For this purpose, as Fig. 11 shows, the end of the screw spindle 13-14 built into a housing 8 and ends in the Bevel gear 82. This engages in a bevel gear 84 mounted vertically in the housing. At the axis of the same 85 is then attached to the entire locking mechanism.

This arrangement saves space and makes the apparatus more compensatory.

Claims (5)

Patent Claims: ■ i. Ruler device for electromechanical Transfer of photogrammetrically given lengths to any inclined straight track according to patent 285716, thereby characterized in that by the rotational movements of the comparator cranks in one ■ perpendicular to the direction ruler - at single or multiple intervals of Focal length - attached guide rail (3-6) a mark (jaws 40) arranged is, and that the direction ruler carries a feeler lever contact (20-22) that opens or closes electrical currents, soft the straight track shown as screw spindle (13-14) by switching on of driving power shafts rotate in such a way that the carried along by a hub (9) End of the direction ruler (2-11) the length of the projection on the inclined straight line determines the photogrammetric length automatically during the feeler lever contact measures. 2. Apparatus according to claim i, characterized in that the current-closing Feeler lever contact as.
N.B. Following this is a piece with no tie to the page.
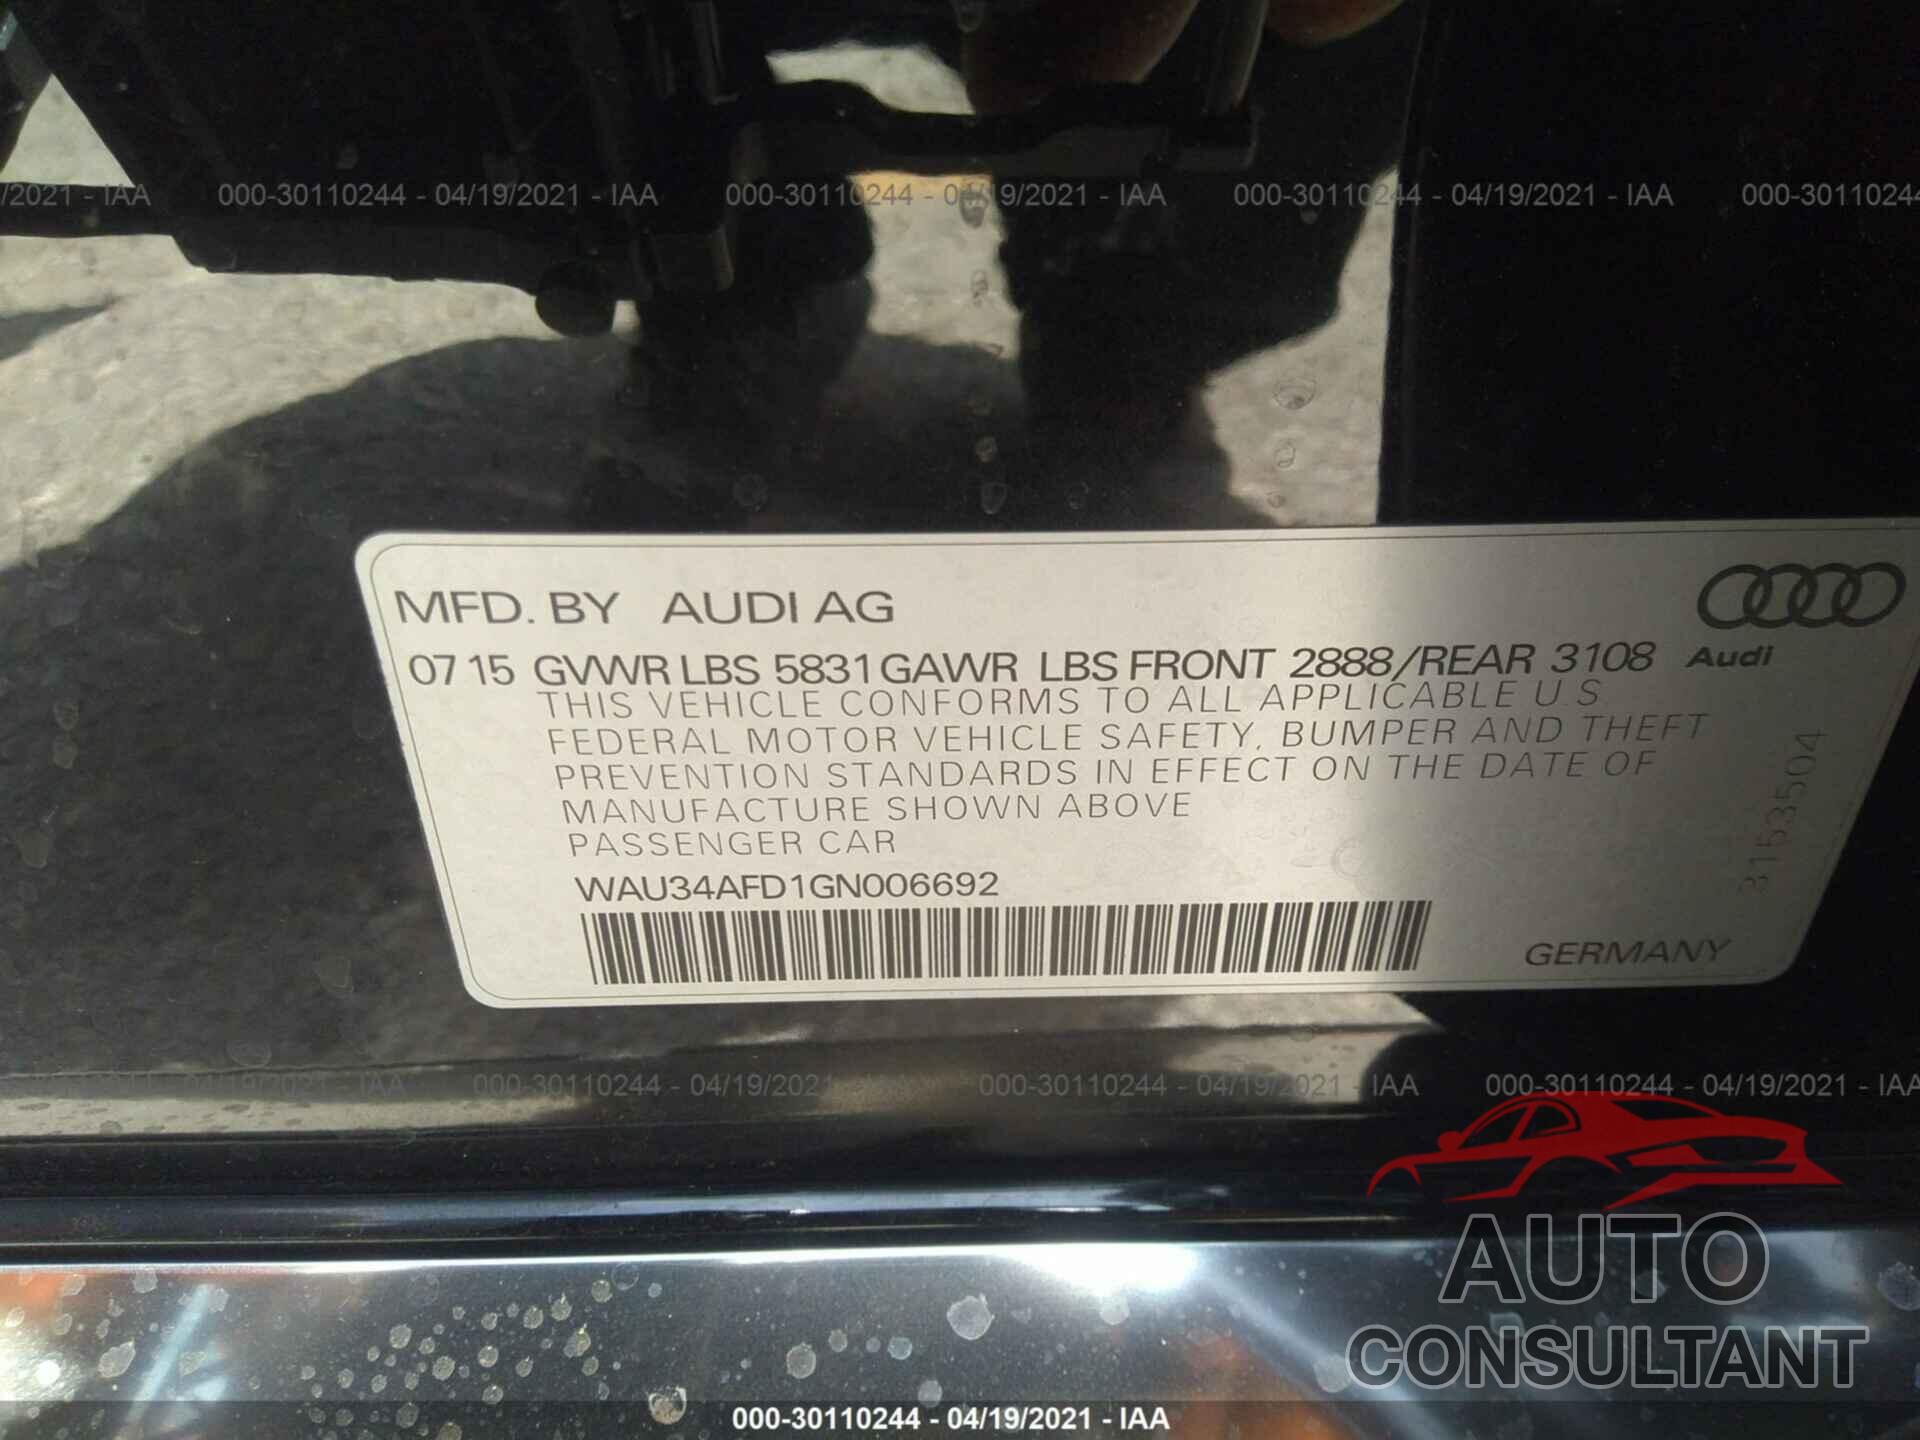 AUDI A8 L 2016 - WAU34AFD1GN006692
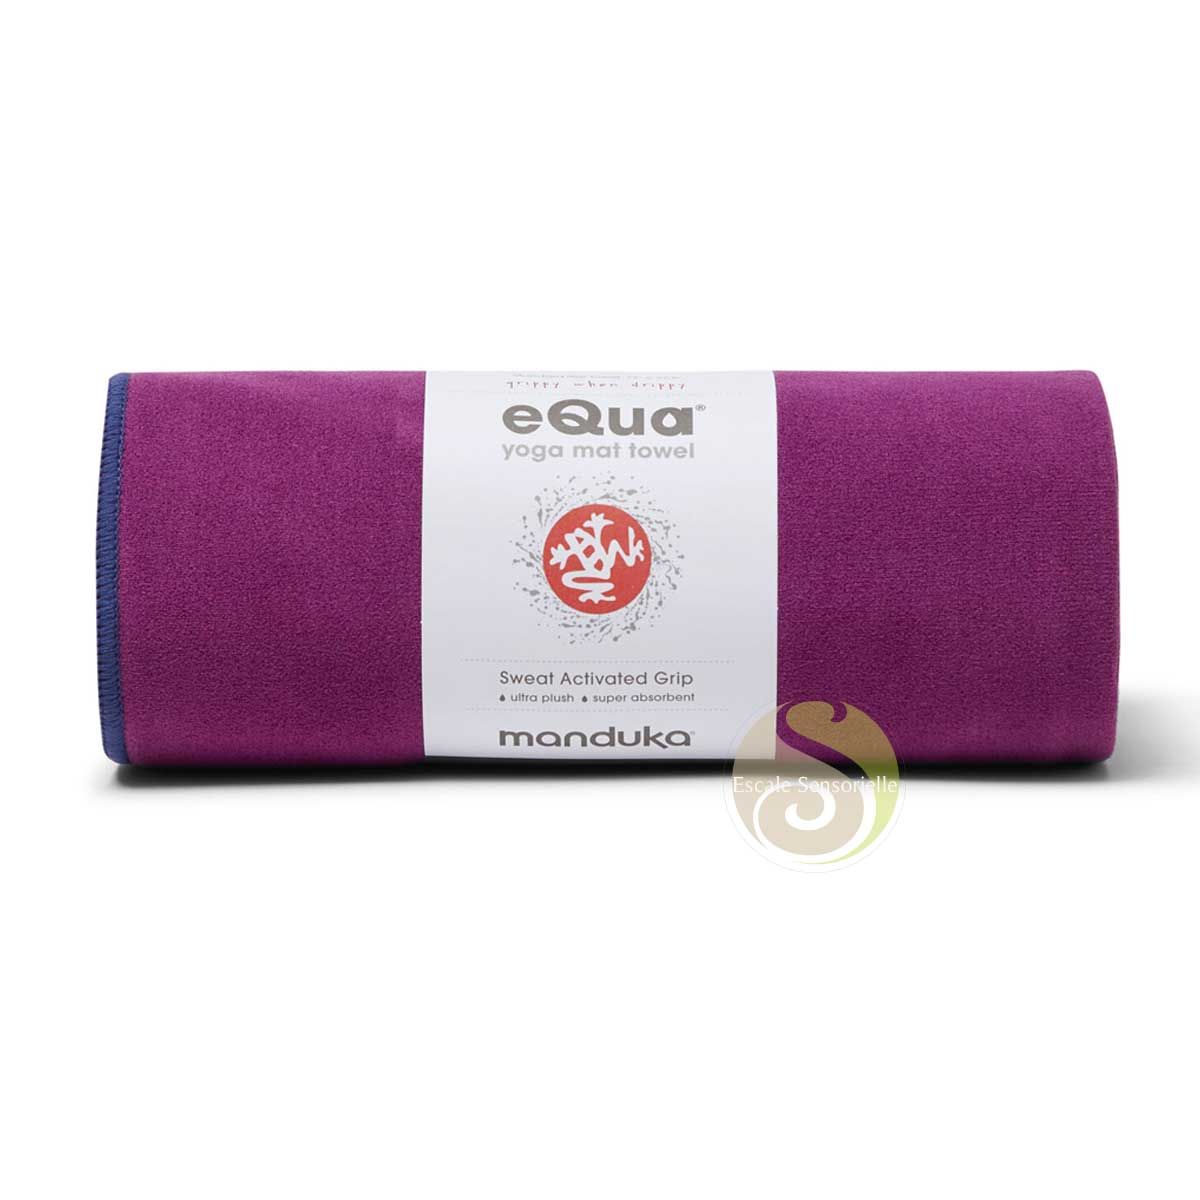 Serviette grand format pour tapis de yoga Manduka eQua purple lotus

Pointer levers (20-21-22) with unequal arm lengths is formed and as a result the contact of the contact balls in proportion adjusts itself to the housing spring in the currentless field (34) of the circular scale, in which position a counteracting suspension (48, keeps it free from vibrations. 3. Apparatus according to claim 1 and 2, characterized in that open through and closing of currents relays on bent lever arms (30-29-31 and 33-35-34) act which on and off devices and at the same time, on the same Axis seated locking devices (51, 52) according to the position of the sensing lever put into action or suspend that within any accuracy limits the micrometer movement and consequently the ruler shift automatically before 25. is going. 4. Apparatus according to claim 1 to 3, characterized in that one end a second ruler to be moved secondarily with the primarily moved direction ruler are connected by the hub (9) running on the screw, spindle can, so that it covers the same path with the same 'moment of force and with a similar coupling of the other end a new track line with different mathematical conditions mechanically shown. 5. Device according to claim 1 to 4 dagekmarks, because of several such unit rulers the most varied photogrammetric applicators that meet all possible axis positions, can be put together. For this purpose ι sheet of drawings.